# WORK REQUIRED
Nothing should appear in the answer except the lines from the one containing "Bronze rope and" through the end of the listing, repeated exactly.

# GIVEN MATERIAL

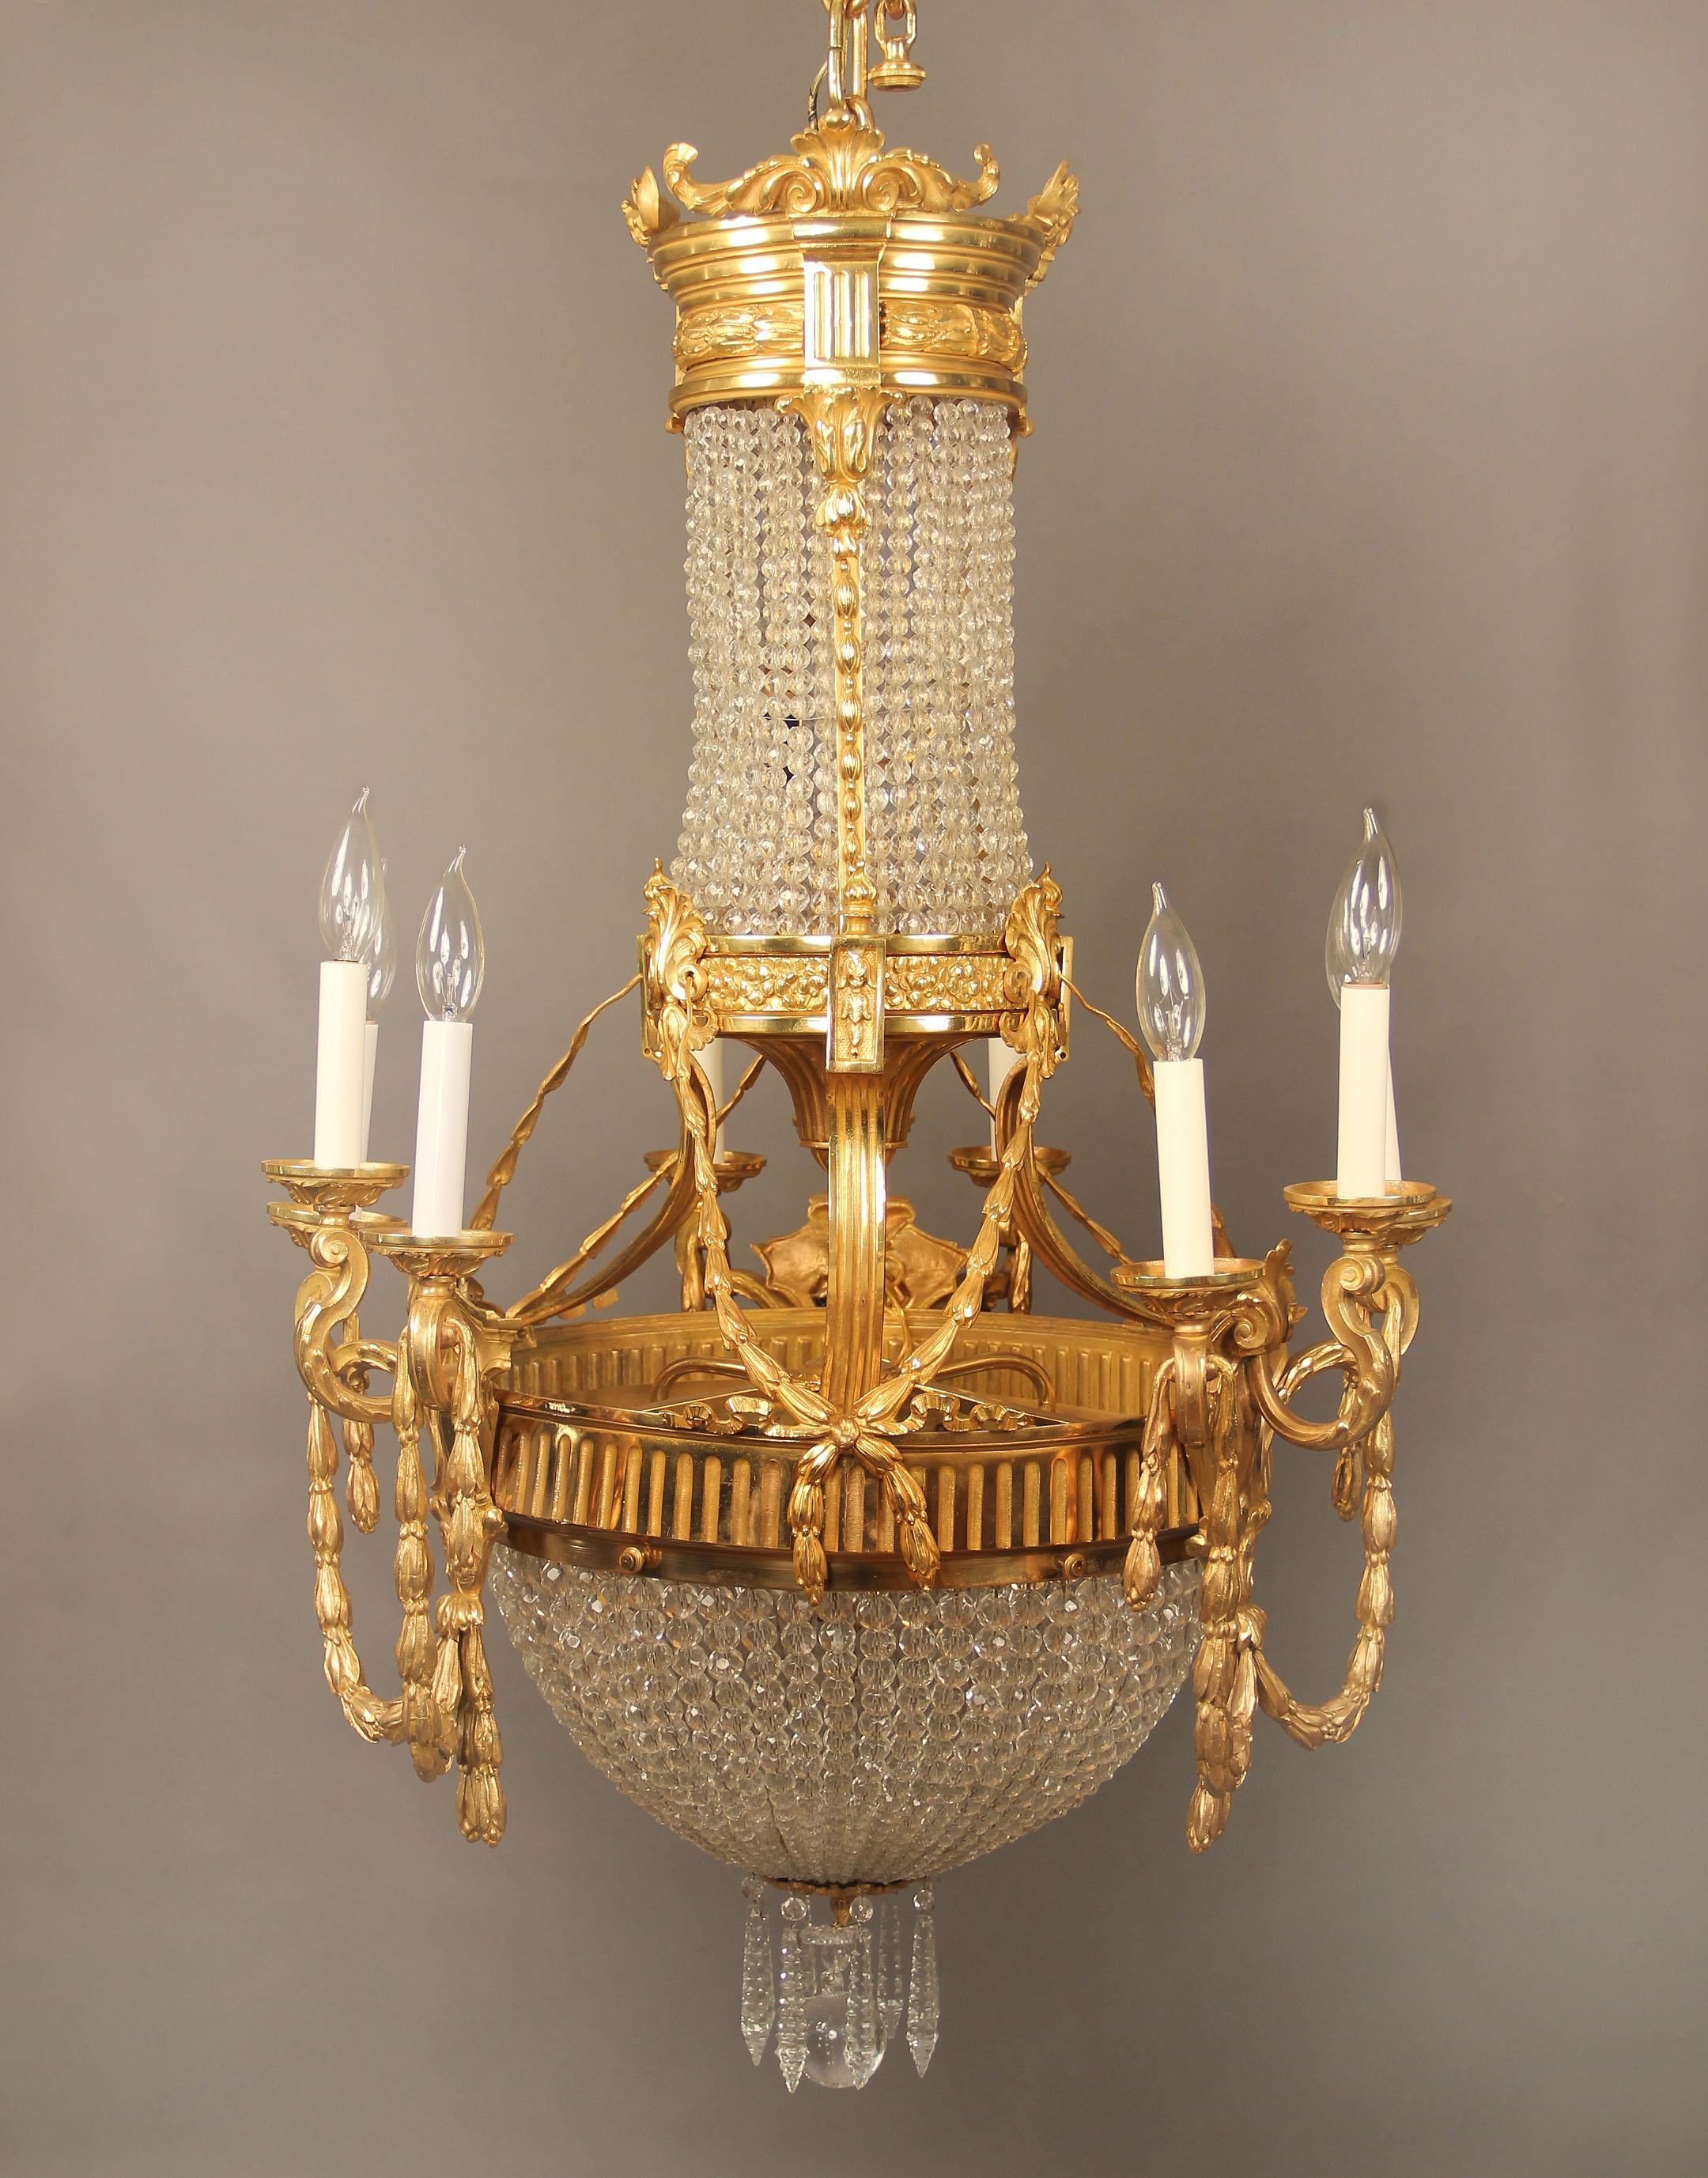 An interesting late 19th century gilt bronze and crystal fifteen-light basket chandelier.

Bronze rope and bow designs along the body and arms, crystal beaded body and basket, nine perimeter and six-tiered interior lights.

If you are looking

# COMPLETED TASK
Bronze rope and bow designs along the body and arms, crystal beaded body and basket, nine perimeter and six-tiered interior lights.

If you are looking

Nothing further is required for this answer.